Task input:

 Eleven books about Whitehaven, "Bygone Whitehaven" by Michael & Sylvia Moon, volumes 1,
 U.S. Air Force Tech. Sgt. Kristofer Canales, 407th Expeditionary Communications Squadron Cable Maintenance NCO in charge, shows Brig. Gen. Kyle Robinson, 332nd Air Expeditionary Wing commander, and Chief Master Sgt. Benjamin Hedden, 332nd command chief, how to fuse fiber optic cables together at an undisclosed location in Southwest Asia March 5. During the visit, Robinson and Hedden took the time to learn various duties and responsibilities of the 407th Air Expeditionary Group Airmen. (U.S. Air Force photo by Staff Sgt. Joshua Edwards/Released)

--

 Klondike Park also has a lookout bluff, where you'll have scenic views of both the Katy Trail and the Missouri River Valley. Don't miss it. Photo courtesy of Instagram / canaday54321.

What the task requires: Starting with the line that holds "Eleven books about" and ending with the line that holds "U.S. Air Force Tech.", retype every line in the data above exactly, and nothing else.

Your solution:
 Eleven books about Whitehaven, "Bygone Whitehaven" by Michael & Sylvia Moon, volumes 1,
 U.S. Air Force Tech. Sgt. Kristofer Canales, 407th Expeditionary Communications Squadron Cable Maintenance NCO in charge, shows Brig. Gen. Kyle Robinson, 332nd Air Expeditionary Wing commander, and Chief Master Sgt. Benjamin Hedden, 332nd command chief, how to fuse fiber optic cables together at an undisclosed location in Southwest Asia March 5. During the visit, Robinson and Hedden took the time to learn various duties and responsibilities of the 407th Air Expeditionary Group Airmen. (U.S. Air Force photo by Staff Sgt. Joshua Edwards/Released)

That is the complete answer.